Monday, May. 12, 1947

Freedom? No, Thanks

When Harold Stassen popped the censorship question to Joseph Stalin (see INTERNATIONAL), he was just trying to be helpful. But last week it appeared that Stassen had unintentionally struck a blow at freedom, not for it. As they passed out of the Russian orbit, U.S. and British newsmen returning from the Moscow Conference began cabling "now it can be told" dispatches. One thing several wanted to tell about was what happened after the Stalin-Stassen chat.

Until then, the censorship holiday on conference news had gone fairly smoothly. But when the censors read about the interview in cables (it was not reported in the Soviet press), they began bearing down. Many dispatches were delayed; some were rejected outright. "The one fact they [the censors] saw in stories of the Stassen interview," cabled Carlyle Holt of the Boston Globe, "was that Stalin approved censorship."

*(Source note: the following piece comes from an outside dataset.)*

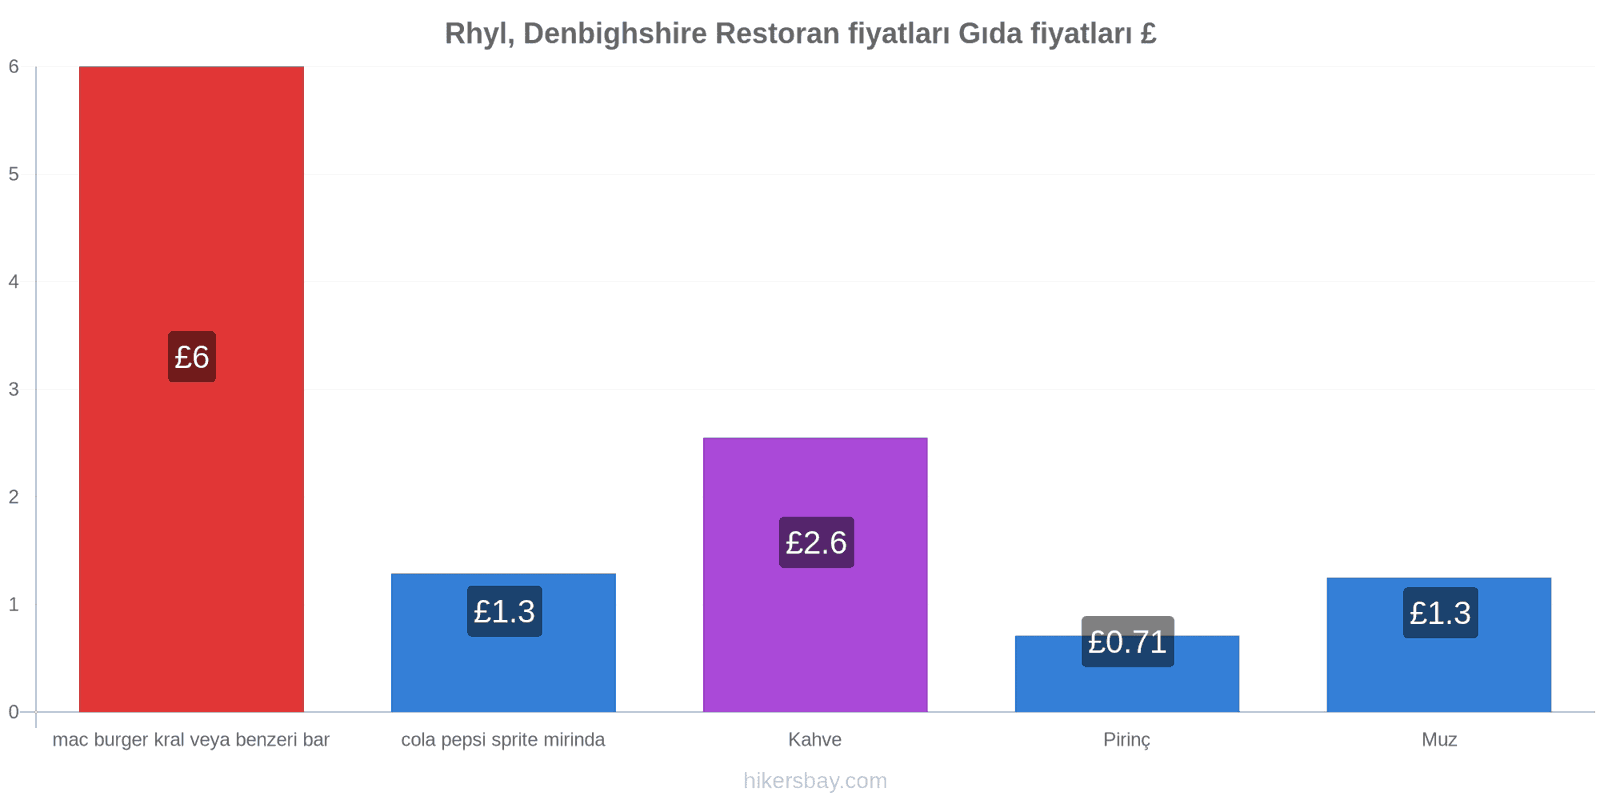 Rhyl, Denbighshire fiyat değişiklikleri hikersbay.com

Apparently, said one correspondent, the Russians' first experience with large-scale, uncensored coverage of Russia by the Allied press "affected the Government hierarchy just about as pleasurably as a swift kick in the groin. "And though the people who irritated them most have departed, I'm sure they still hurt all over, and this soreness isn't helped any by the generally fruitless atmosphere in which the conference closed. As a result, the correspondents who stayed behind in Moscow probably face an indeterminate period of aggravated suspicion, noncooperation and stupidly rigorous censorship --a tougher censorship than before."